Lead can kill people and poison the environment, but existing techniques can measure only total lead content. In principle, fluorescent chemosensors can provide information on exchangeable lead pools with spatial and temporal resolution, but these molecules cannot function in water or in living cells. Assistant professor Christopher J. Chang and colleagues at the University of California, Berkeley, have developed a fluorescent sensor, called Leadfluor-1, that detects lead in water and living cells.

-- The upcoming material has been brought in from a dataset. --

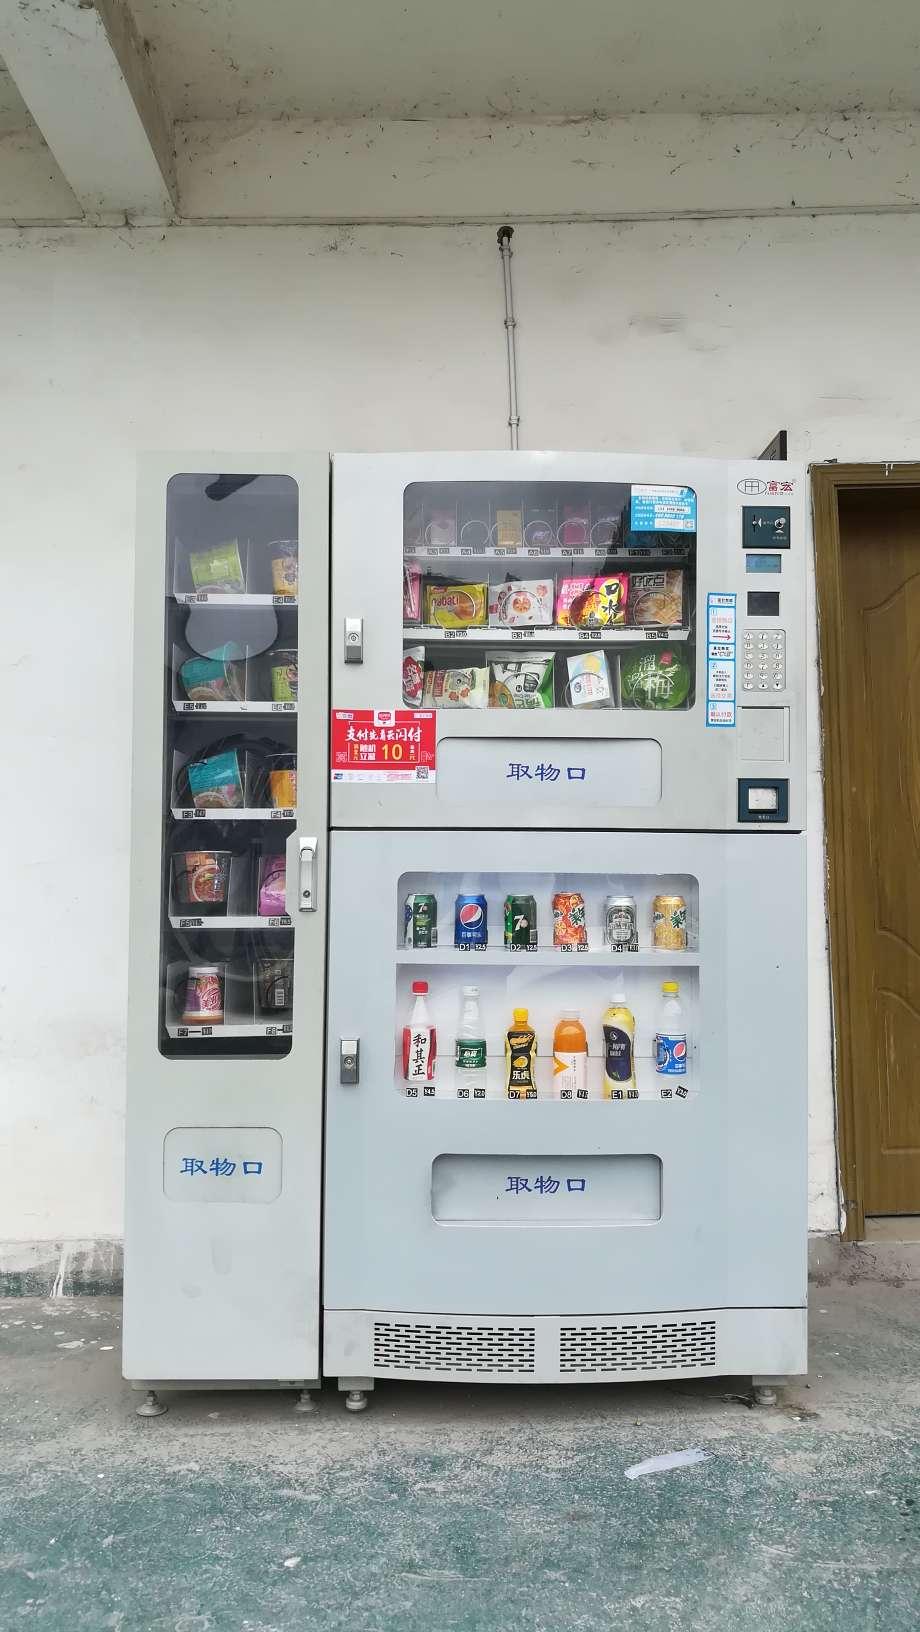 自动售货机,自助售卖机,富宏智能售卖机,自动贩卖机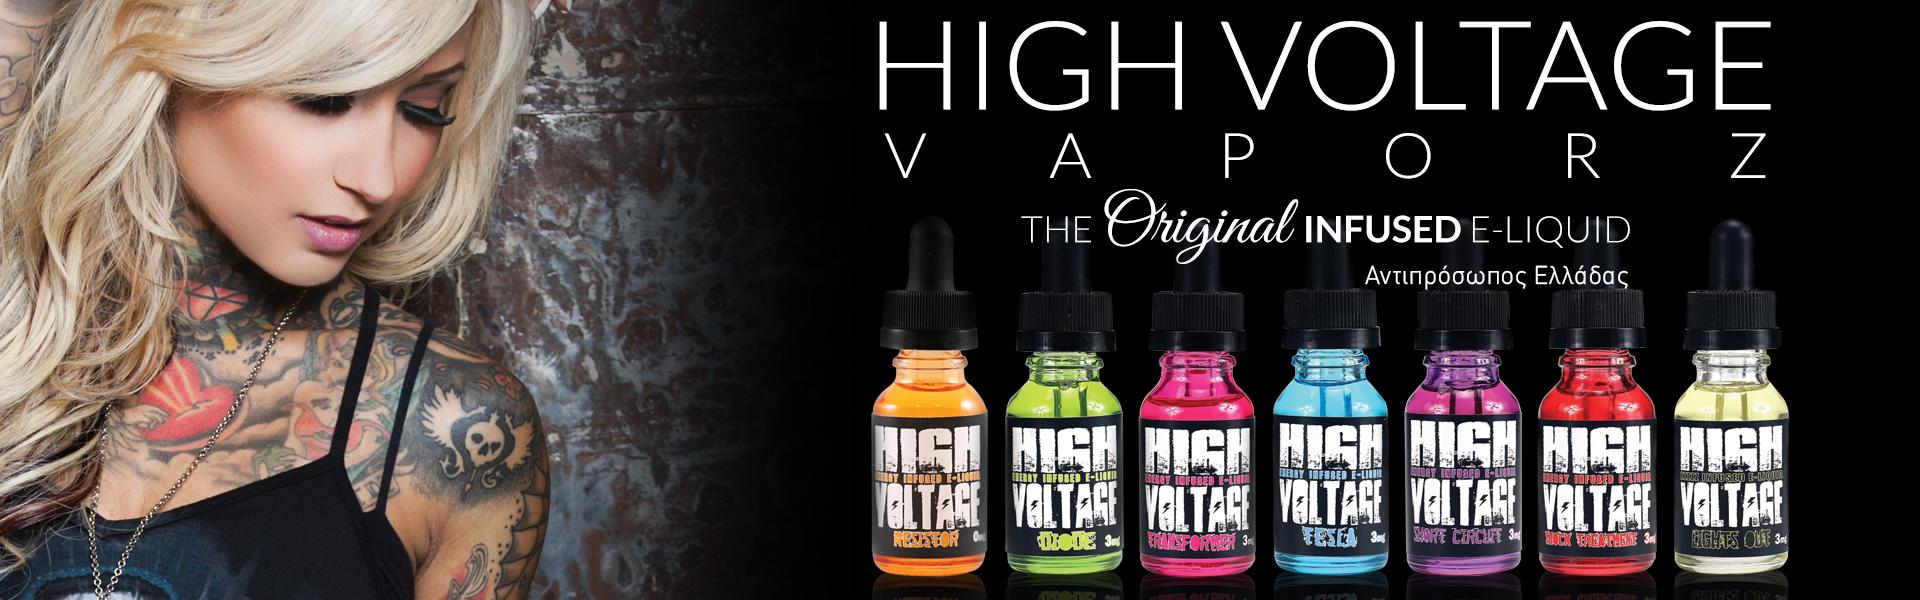 High Distributor

The researchers report in the July 26 issue of the Journal of the American Chemical Society that they combined a fluorescein scaffold with a dicarboxylate pseudocrown receptor to create the sensor. They chose the receptor because it satisfied the size and charge requirements of the lead cation. The Leadfluor-1 emission spectra remained similar to that of fluorescein, which has visible excitation and emission spectra that do not damage cells, as do UV and infrared. Also, certain molecules in cells exhibit autofluorescence upon exposure to the invisible part of the spectrum, and fluorescein’s spectral properties avoid that problem. Furthermore, viewing its fluorescence does not require a special detector.

The fluorescence intensity of Lead-fluor-1 increased by up to 18 times in the presence of lead. The fluorescence rose 15 percent, with an error of 2 percent, upon the addition of 15 parts-per-billion of lead in drinking water, the maximum amount allowed by the FDA. Treatment with the chelator TPEN returned the fluorescence to within 5 percent of baseline levels. The researchers tested the response of the sensor to other biologically relevant ions, and it demonstrated selectivity for lead.

The lab plans to further modify Leadfluor-1 so that it emits more brightly and exhibits a greater dynamic range, so as to increase its sensitivity and selectivity for lead.